→ **EXERCISE PROMPT**
Your reply should be an exact copy of the lines from the one that holds "Rừng mai vàng" to the end of the data below.

++++ SOURCE MATERIAL

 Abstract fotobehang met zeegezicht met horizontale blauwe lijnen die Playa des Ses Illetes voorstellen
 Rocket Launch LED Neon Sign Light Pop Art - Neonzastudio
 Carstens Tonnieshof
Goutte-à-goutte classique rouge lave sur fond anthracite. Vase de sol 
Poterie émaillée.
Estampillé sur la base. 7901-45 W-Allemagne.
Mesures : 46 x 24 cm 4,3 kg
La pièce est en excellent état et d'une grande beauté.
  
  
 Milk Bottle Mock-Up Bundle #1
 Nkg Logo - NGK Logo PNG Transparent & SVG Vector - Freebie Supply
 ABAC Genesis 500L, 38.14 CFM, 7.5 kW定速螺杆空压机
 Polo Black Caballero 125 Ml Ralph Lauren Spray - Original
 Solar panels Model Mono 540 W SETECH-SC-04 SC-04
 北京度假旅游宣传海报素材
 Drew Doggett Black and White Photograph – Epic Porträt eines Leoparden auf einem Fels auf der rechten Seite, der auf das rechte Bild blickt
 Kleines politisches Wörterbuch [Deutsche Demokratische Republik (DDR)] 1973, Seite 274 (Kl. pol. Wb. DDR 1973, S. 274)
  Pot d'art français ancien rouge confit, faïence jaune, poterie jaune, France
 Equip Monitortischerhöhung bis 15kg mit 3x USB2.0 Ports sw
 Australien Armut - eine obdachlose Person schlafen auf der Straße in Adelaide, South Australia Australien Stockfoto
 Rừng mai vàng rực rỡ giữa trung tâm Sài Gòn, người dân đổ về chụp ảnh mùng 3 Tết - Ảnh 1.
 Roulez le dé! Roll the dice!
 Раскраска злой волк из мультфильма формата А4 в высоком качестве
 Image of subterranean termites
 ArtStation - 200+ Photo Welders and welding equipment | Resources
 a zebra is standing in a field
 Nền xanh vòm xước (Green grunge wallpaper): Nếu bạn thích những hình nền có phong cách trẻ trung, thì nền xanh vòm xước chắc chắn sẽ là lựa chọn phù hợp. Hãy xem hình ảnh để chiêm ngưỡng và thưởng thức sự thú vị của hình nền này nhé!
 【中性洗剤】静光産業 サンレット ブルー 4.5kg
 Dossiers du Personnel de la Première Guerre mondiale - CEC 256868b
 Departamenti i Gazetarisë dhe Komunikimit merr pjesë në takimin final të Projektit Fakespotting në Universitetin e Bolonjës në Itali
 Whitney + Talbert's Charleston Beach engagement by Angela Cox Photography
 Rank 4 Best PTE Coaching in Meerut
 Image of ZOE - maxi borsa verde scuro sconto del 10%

++++++++

→ **EXERCISE OUTPUT**
 Rừng mai vàng rực rỡ giữa trung tâm Sài Gòn, người dân đổ về chụp ảnh mùng 3 Tết - Ảnh 1.
 Roulez le dé! Roll the dice!
 Раскраска злой волк из мультфильма формата А4 в высоком качестве
 Image of subterranean termites
 ArtStation - 200+ Photo Welders and welding equipment | Resources
 a zebra is standing in a field
 Nền xanh vòm xước (Green grunge wallpaper): Nếu bạn thích những hình nền có phong cách trẻ trung, thì nền xanh vòm xước chắc chắn sẽ là lựa chọn phù hợp. Hãy xem hình ảnh để chiêm ngưỡng và thưởng thức sự thú vị của hình nền này nhé!
 【中性洗剤】静光産業 サンレット ブルー 4.5kg
 Dossiers du Personnel de la Première Guerre mondiale - CEC 256868b
 Departamenti i Gazetarisë dhe Komunikimit merr pjesë në takimin final të Projektit Fakespotting në Universitetin e Bolonjës në Itali
 Whitney + Talbert's Charleston Beach engagement by Angela Cox Photography
 Rank 4 Best PTE Coaching in Meerut
 Image of ZOE - maxi borsa verde scuro sconto del 10%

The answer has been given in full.